Yes, this is about living with a relatively healthy set of circumstances. Please, go along with me for the sake of the argument.
*****
Getting older isn't as much fun when you start out old.
Kindergarten graduation was last week, the fifth grade's is next week. Giblet and FlapJilly have their own similar celebrations the first week of June. Between then and now there are a variety of high school and college people touching various parts of my circle who will be moving on to bigger and better things.
The youngest ones can hardly wait to move on. FIRST GRADE were the loudest words in their graduation song. They get to go up the stairs they've passed on their way to the kinder classrooms all year long. They are losing teeth and turning 6 and they couldn't be more eager to share both those facts with one and all.
The fifth graders crow about their height as they deal with the uncertainty of the future. They're facing a new space and new rules where they won't be the big kids anymore. Pile that on top of puberty and just thinking about it makes me glad that I don't have to be twelve years old any more.
High school to college, college to real life - the parental safety net and familiar surroundings and the illusion that you have power over most things in your life all come into question. Along with that comes more agency, more choice, more decisions of consequence.
Then there's all of adulthood. If you make it through without major damage, there's a brief moment where things are just fine. You know where you've been and where you are and, perhaps, where you're going.
And one day you wake up and you're old. Not older, but old. The obituary pages are filled with people born in your decade, or worse, the decade before that. The aches and pains are less easily assuaged. The music is discordant and the cultural references on SNL are incomprehensible.
The world is moving on, as it should. It just seems to be moving a little faster these days, on a train that I am running to catch.
And I don't run that fast any more.
That's the story of the photo change in the header. The pink peony had outlived its welcome. I'm feeling more sunset than bursting with life. I'm fit and mostly healthy and those in the know tell me that my end is nowhere in sight. But there's more behind me than ahead of me, like the sun in the photo.

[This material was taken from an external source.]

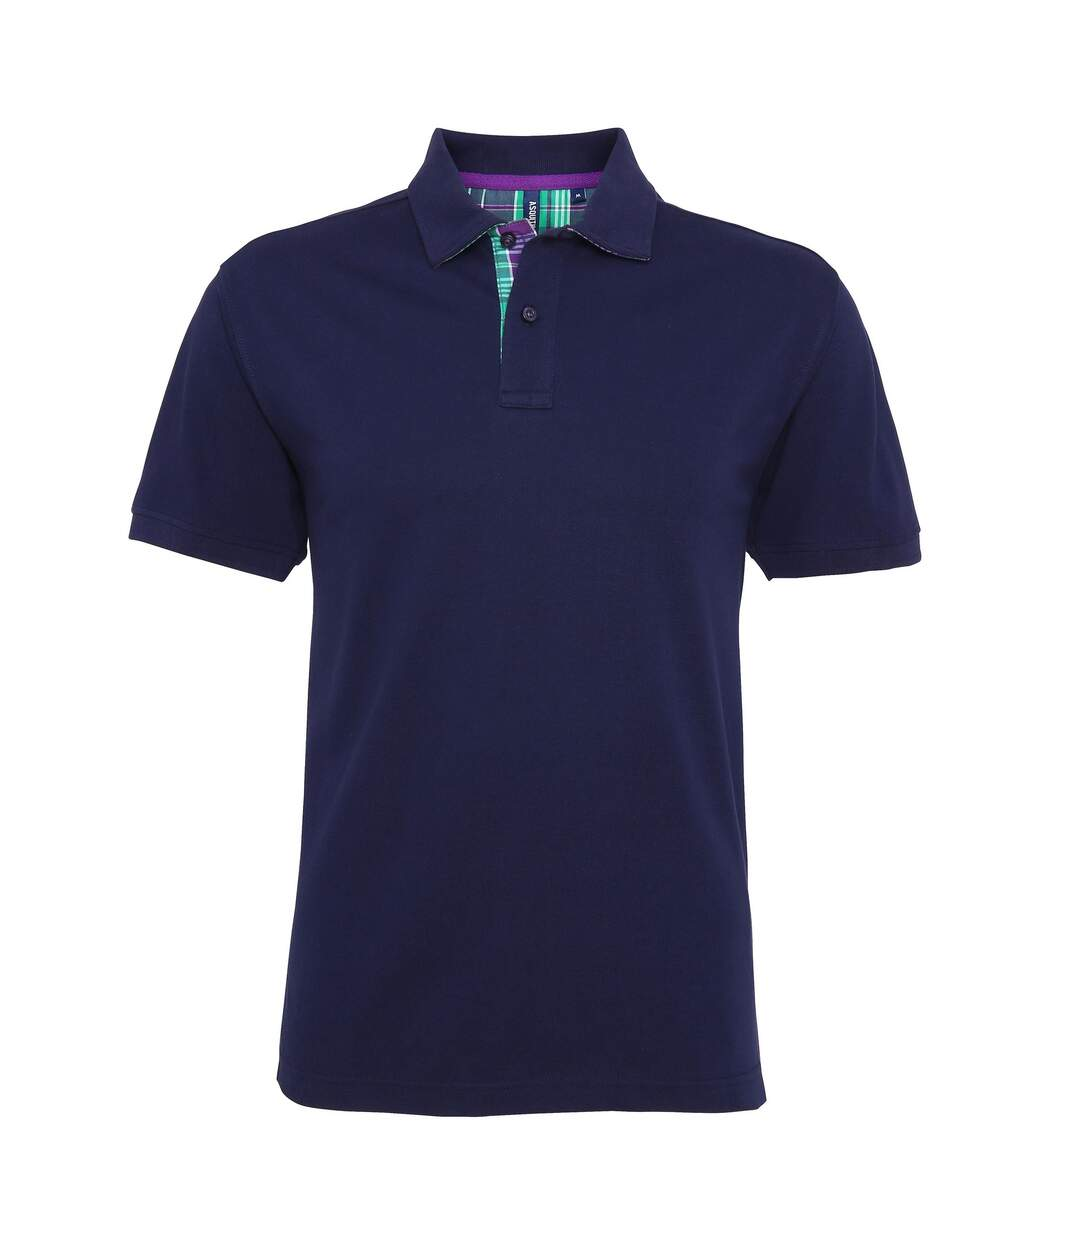 Asquith & Fox Mens Check Trim Polo Shirt (Black) - UTRW5038

Dr. K says there's no such thing as a bad photo of a sunset; he's totally correct. While this isn't the most colorful sunset, it looks like I feel.
Up there in the clouds' underbelly, still bright but less intense, a smaller but still vibrant ball of energy exists, casting a light beyond itself, still useful even if diminished.
For right now, in the youth of old age, that feels about right.
Yes, the sunset years. I turned 80 last summer. I am officially old, no longer in the "youth of old age", and I am feeling it.
ReplyDeleteI was an elementary school teacher for much of my life, and I recognize the stages you have so eloquently described here. I wouldn't want to go back in time, but I do wish so many of my parts weren't falling apart.
We have a List of Approved Body Parts about which we can complain. Anything else? "Sorry, it's not on the list".
ReplyDeleteAs long as you're alert and involved, you're in the middle age of old age. ... and crones are some of my favorite people!